* Your assignment:
The answer must consist solely of the lines from the line with "Transportation solution services" to the final line of the data below, reproduced exactly, pictures omitted.

* Data section:
----

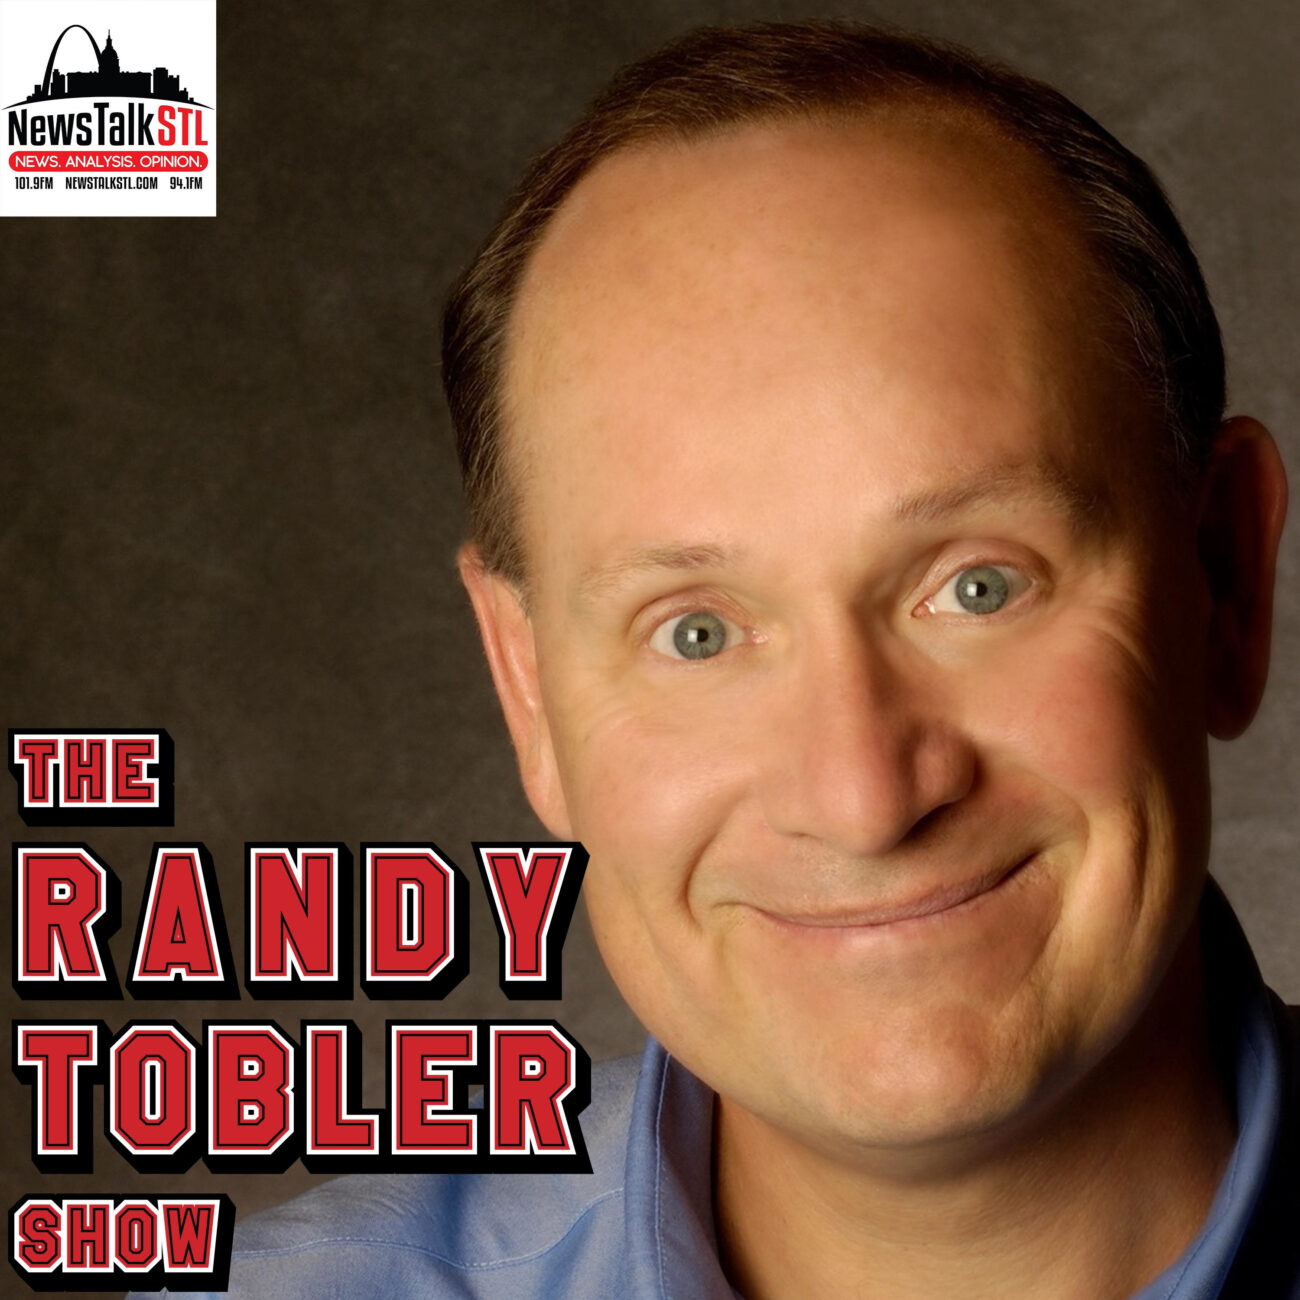 The Randy Tobler Show
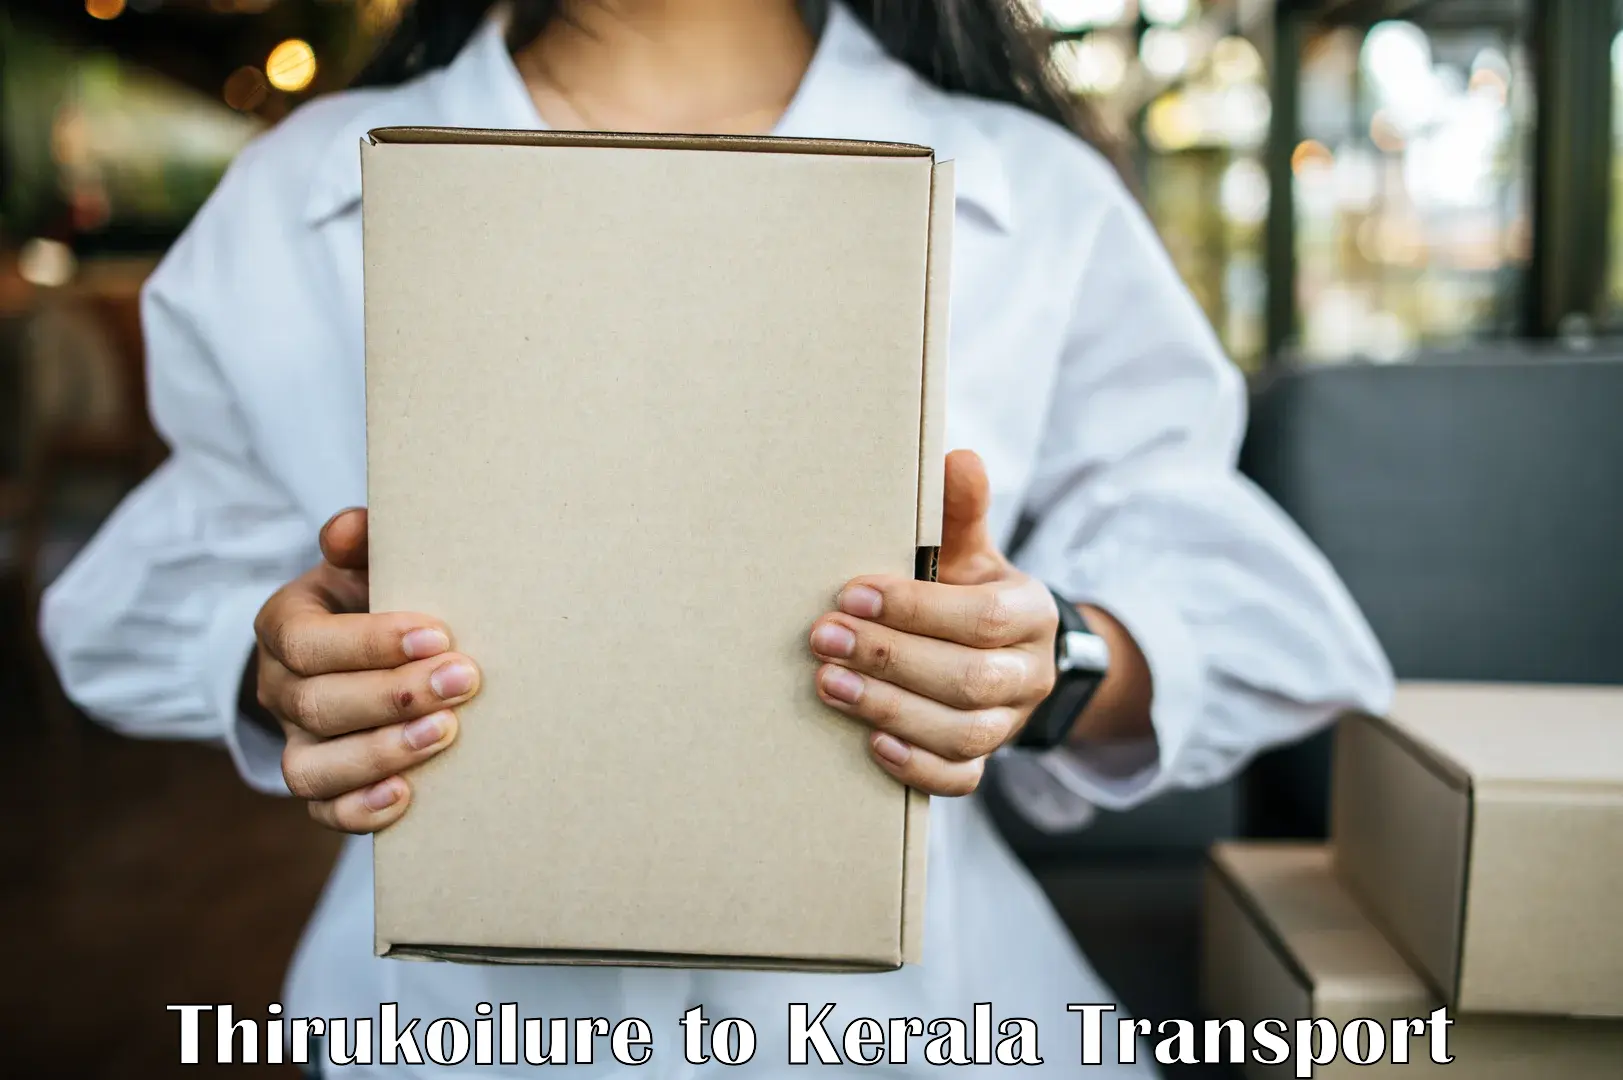 Transportation solution services Thirukoilure to Kalpetta
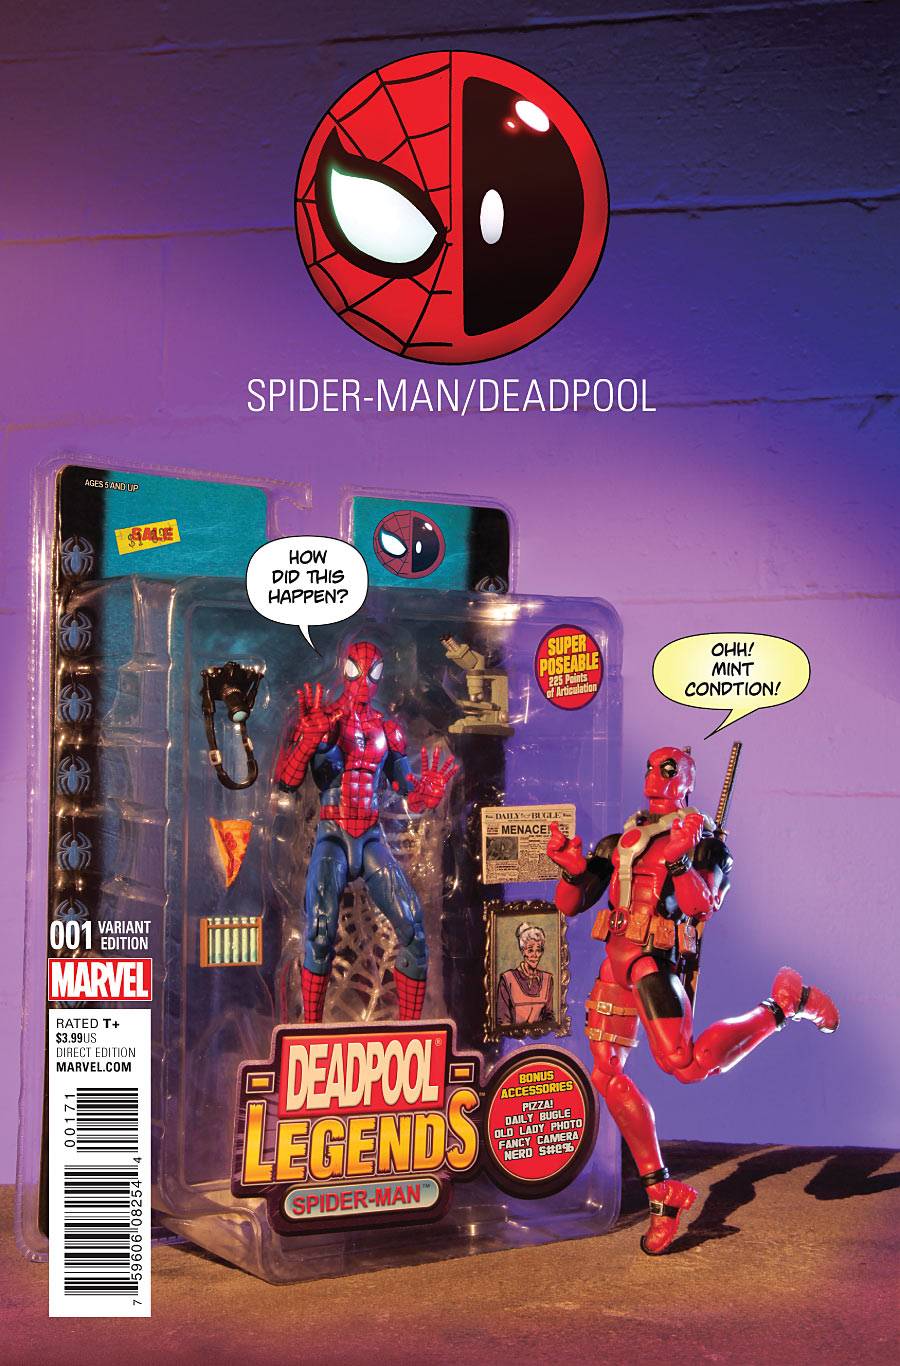 Spider-Man Deadpool #1 Action Figure Photo Variant

----

* Worked solution:
 Transportation solution services Thirukoilure to Kalpetta
 Spider-Man Deadpool #1 Action Figure Photo Variant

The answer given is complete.